EMBEDDING_DIR = f"{BUCKET_URI}/banana"
DEPLOYED_INDEX_ID = "endpoint-test-name"

PROJECT_NUMBER = !gcloud projects list --filter="PROJECT_ID:'{PROJECT_ID}'" --format='value(PROJECT_NUMBER)'
PROJECT_NUMBER = PROJECT_NUMBER[0]
VPC_NETWORK_FULL = f"projects/{PROJECT_NUMBER}/global/networks/{VPC_NETWORK}"

# Change this if you need the VPC to be created.
CREATE_VPC = False
# Set the project id
! gcloud config set project {PROJECT_ID}
# Remove the if condition to run the encapsulated code
if CREATE_VPC:
# Create a VPC network
! gcloud compute networks create {VPC_NETWORK} --bgp-routing-mode=regional --subnet-mode=auto --project={PROJECT_ID}

# Add necessary firewall rules
! gcloud compute firewall-rules create {VPC_NETWORK}-allow-icmp --network {VPC_NETWORK} --priority 65534 --project {PROJECT_ID} --allow icmp

! gcloud compute firewall-rules create {VPC_NETWORK}-allow-internal --network {VPC_NETWORK} --priority 65534 --project {PROJECT_ID} --allow all --source-ranges 10.128.0.0/9

! gcloud compute firewall-rules create {VPC_NETWORK}-allow-rdp --network {VPC_NETWORK} --priority 65534 --project {PROJECT_ID} --allow tcp:3389

! gcloud compute firewall-rules create {VPC_NETWORK}-allow-ssh --network {VPC_NETWORK} --priority 65534 --project {PROJECT_ID} --allow tcp:22

# Reserve IP range
! gcloud compute addresses create {PEERING_RANGE_NAME} --global --prefix-length=16 --network={VPC_NETWORK} --purpose=VPC_PEERING --project={PROJECT_ID} --description="peering range"

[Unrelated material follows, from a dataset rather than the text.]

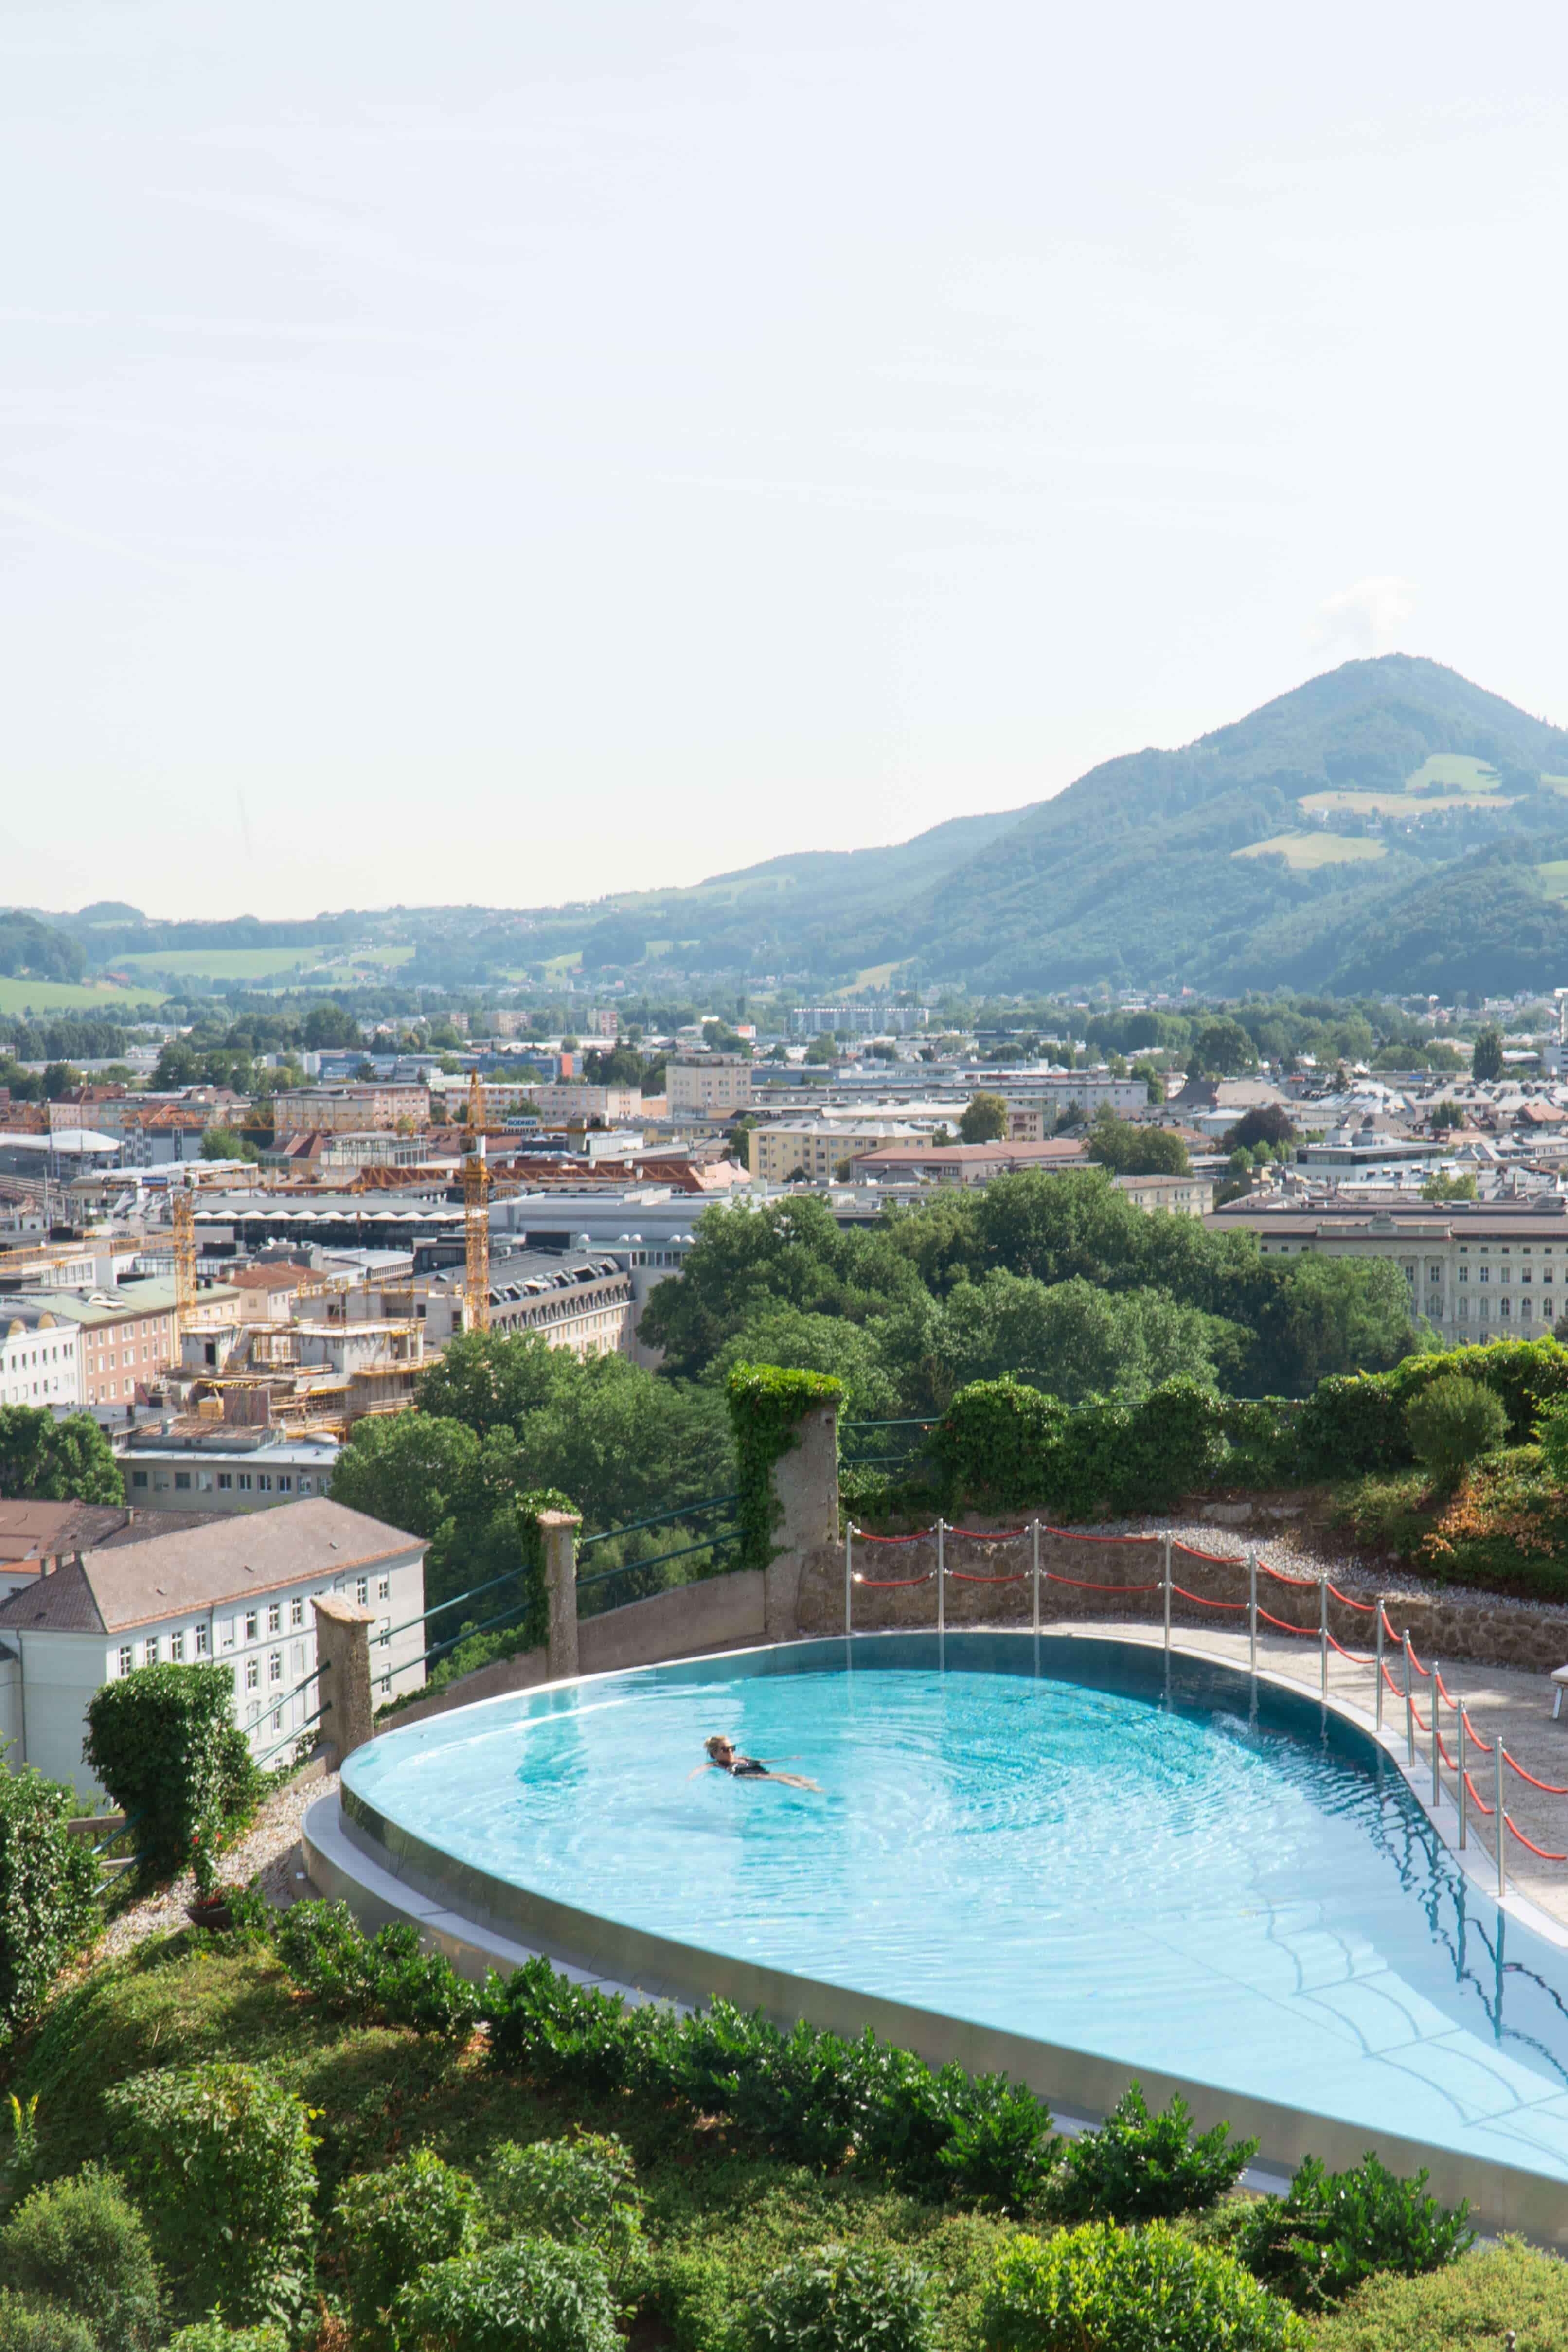 How to Spend One Day in Salzburg Austria | Pool at Hotel Schloss Mönchstein | The Republic of Rose | #Travel #Salzburg #Austria #Europe

# Set up peering with service networking
# Your account must have the "Compute Network Admin" role to run the following.
! gcloud services vpc-peerings connect --service=servicenetworking.googleapis.com --network={VPC_NETWORK} --ranges={PEERING_RANGE_NAME} --project={PROJECT_ID}
# Creating bucket.
! gsutil mb -l $REGION -p $PROJECT_ID $BUCKET_URI

Using Tensorflow Universal Sentence Encoder as an Embedder​

# Load the Universal Sentence Encoder module
module_url = "https://tfhub.dev/google/universal-sentence-encoder-multilingual/3"
model = hub.load(module_url)
# Generate embeddings for each word
embeddings = model(["banana"])

Inserting a test embedding​

initial_config = {
"id": "banana_id",
"embedding": [float(x) for x in list(embeddings.numpy()[0])],
}

with open("data.json", "w") as f:
json.dump(initial_config, f)

!gsutil cp data.json {EMBEDDING_DIR}/file.json
aiplatform.init(project=PROJECT_ID, location=REGION, staging_bucket=BUCKET_URI)

Creating Index​

my_index = aiplatform.MatchingEngineIndex.create_tree_ah_index(
display_name=DISPLAY_NAME,
contents_delta_uri=EMBEDDING_DIR,
dimensions=DIMENSIONS,
approximate_neighbors_count=150,
distance_measure_type="DOT_PRODUCT_DISTANCE",
)

Creating Endpoint​

my_index_endpoint = aiplatform.MatchingEngineIndexEndpoint.create(
display_name=f"{DISPLAY_NAME}-endpoint",
network=VPC_NETWORK_FULL,
)

Deploy Index​

my_index_endpoint = my_index_endpoint.deploy_index(
index=my_index, deployed_index_id=DEPLOYED_INDEX_ID
)

my_index_endpoint.deployed_indexes